How I Lost 30 Pounds in 30 Days Without Diet July 24, 2009 at 9:04 am

Thanks for posting about this, I would like to read more about this topic.

EcoYogini July 24, 2009 at 2:57 pm

This is a nice review- thank you!
Some of these suggestions are impossible for some people- for example I cannot eat whole grains as it would be damaging to my intestines (possibly causing internal bleeding) due to a digestive disorder. So- I have to find substitutes and do the best I can… which can be whole wheat and finely ground up grains. :)

Charles July 27, 2009 at 11:04 pm

EcoYogini — Here is an excellent post on the subject of “How To Eat Grains” you might find helpful:

Heather July 28, 2009 at 1:20 am

Great Post – a summary of everything needed for top health! Thanks.
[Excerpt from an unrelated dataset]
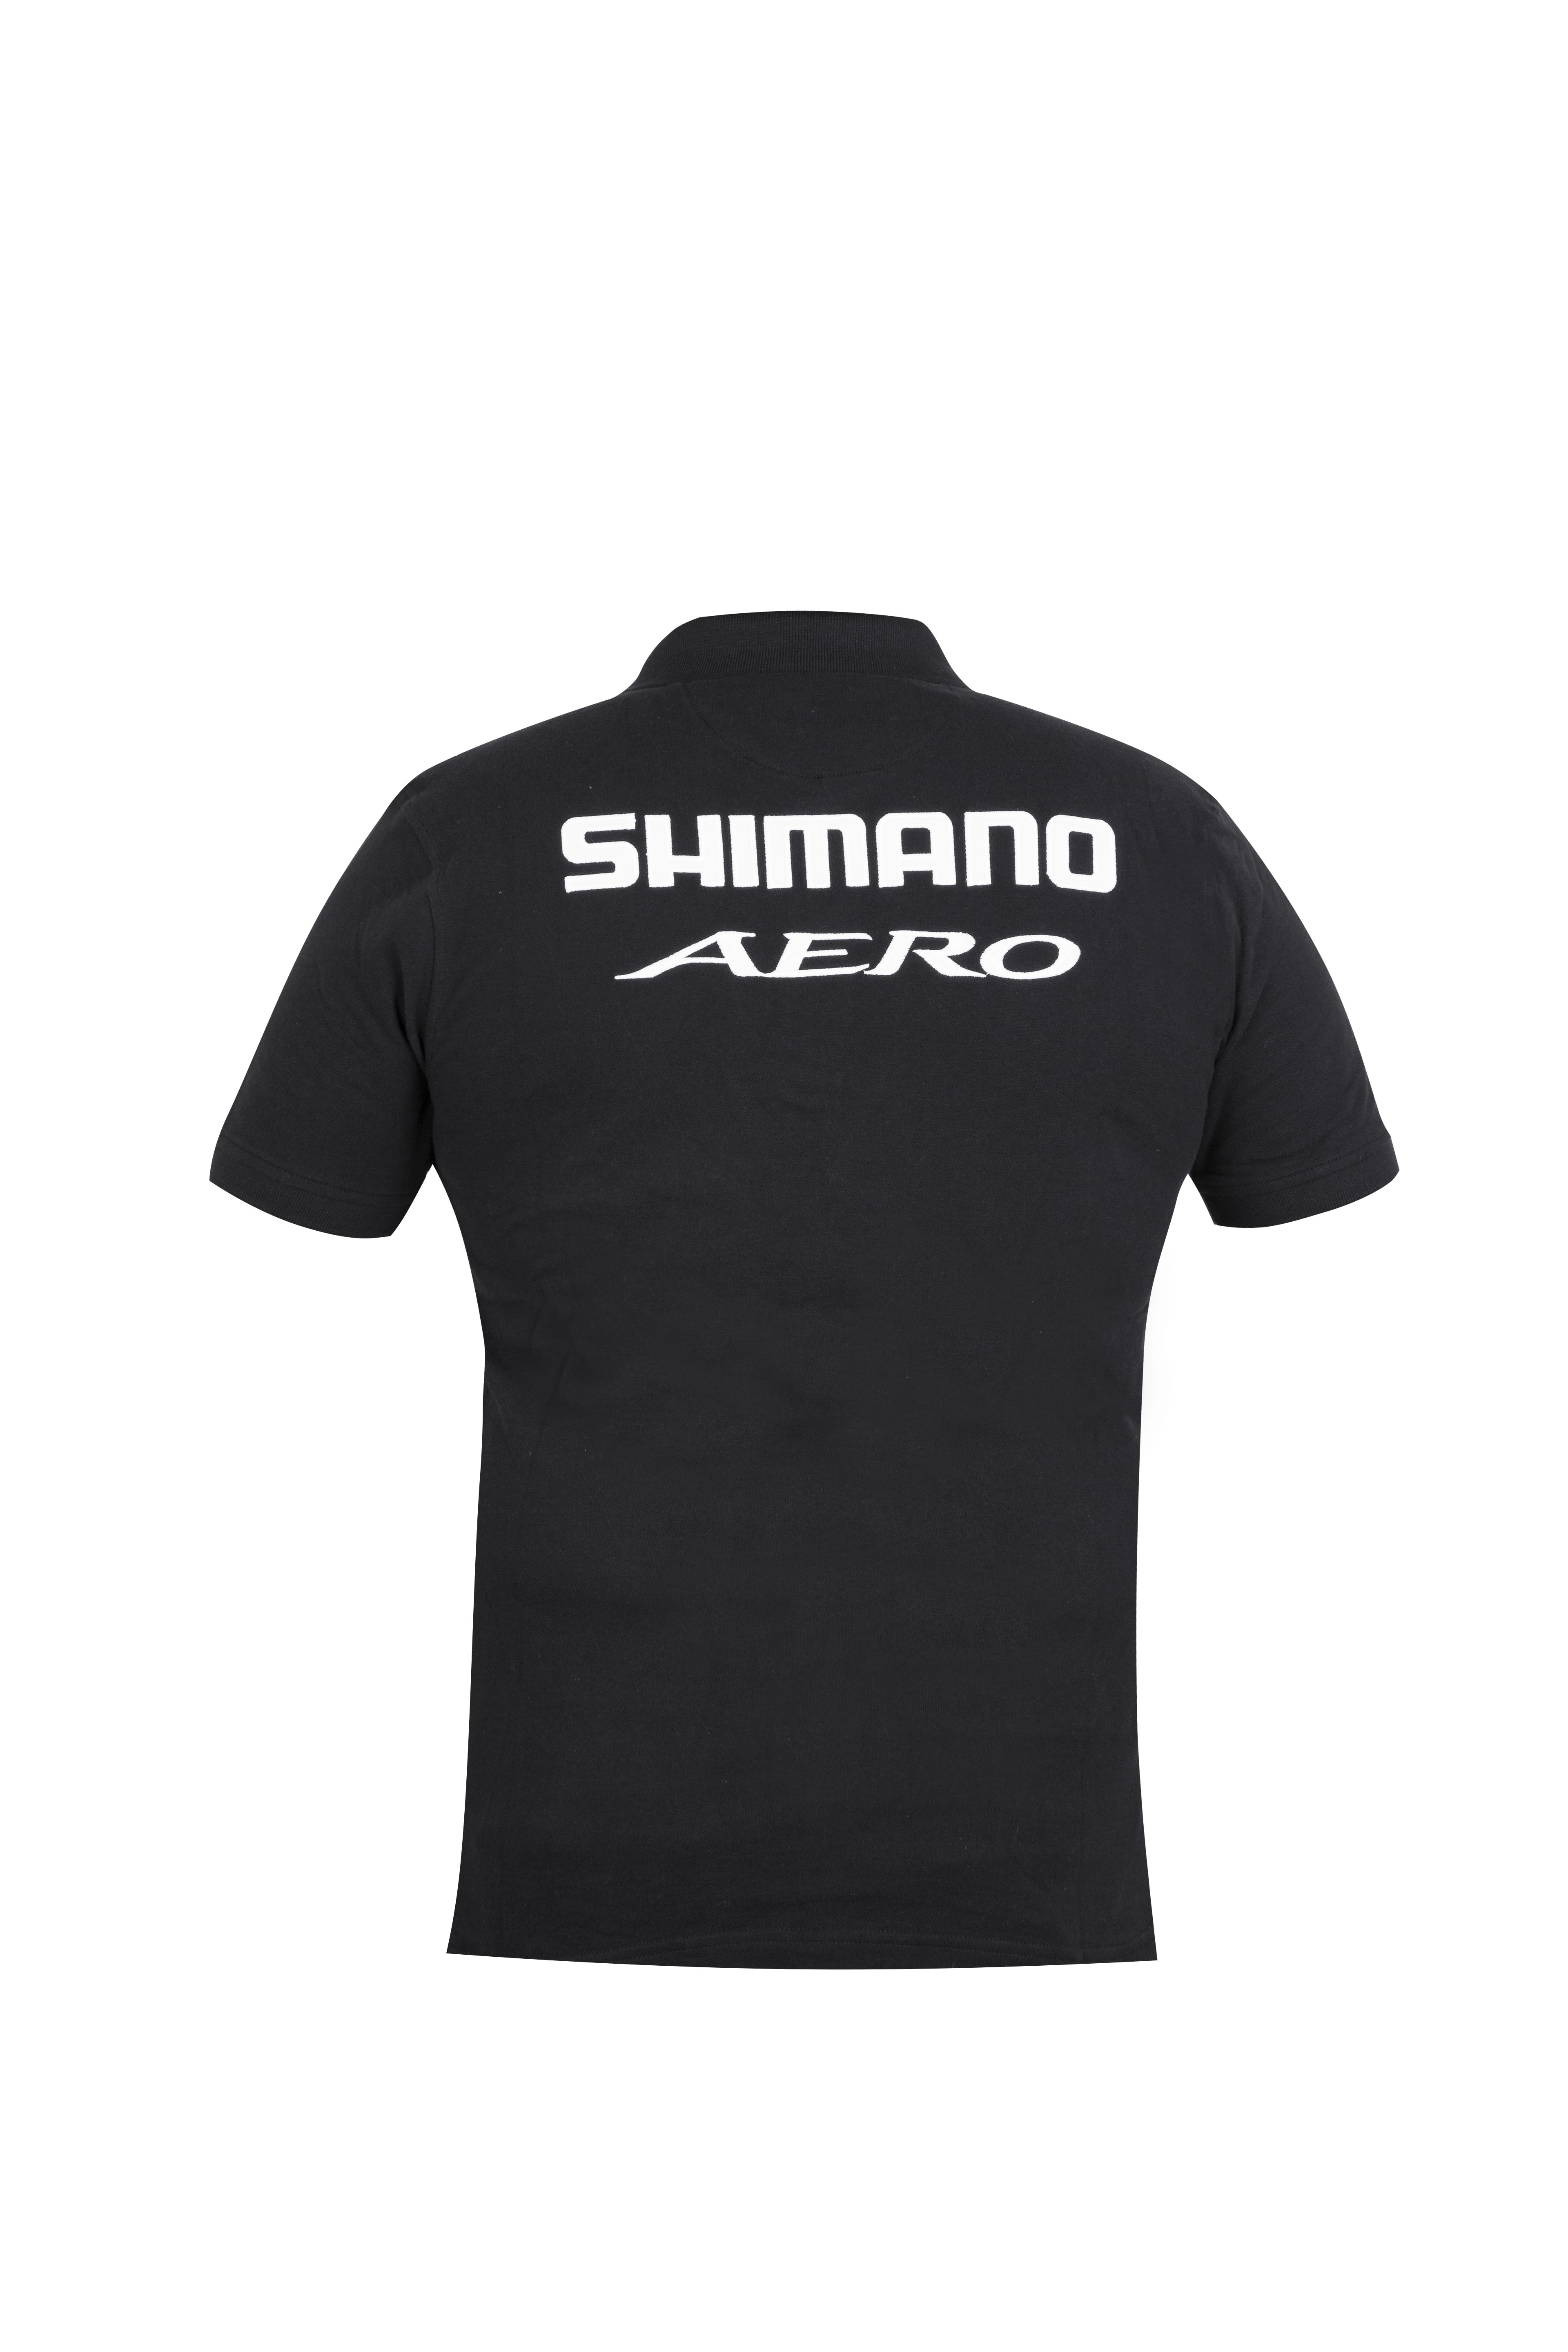 Shimano Aero Polo 2020 Schwarz

Steve Parnass May 12, 2011 at 4:09 pm

I coach youth soccer and high school, and the amout of maladies I come across seems very closely tied to nutrition. I have come to realize this by asking questions of the kids, when they are suddenly overcome by fatigue, headaches, and my favorite…dehydration. What did you eat for lunch? “nothing” ( most often heard from the girls) What did you have for breakfast? “I don’t like to eat breakfast” yada yada yada. Once I convince them how important it is to eat and eat right, those that listen notice a difference in the frequency of their headaches and fatigue. I would like to repost your article on my site if that’s okay.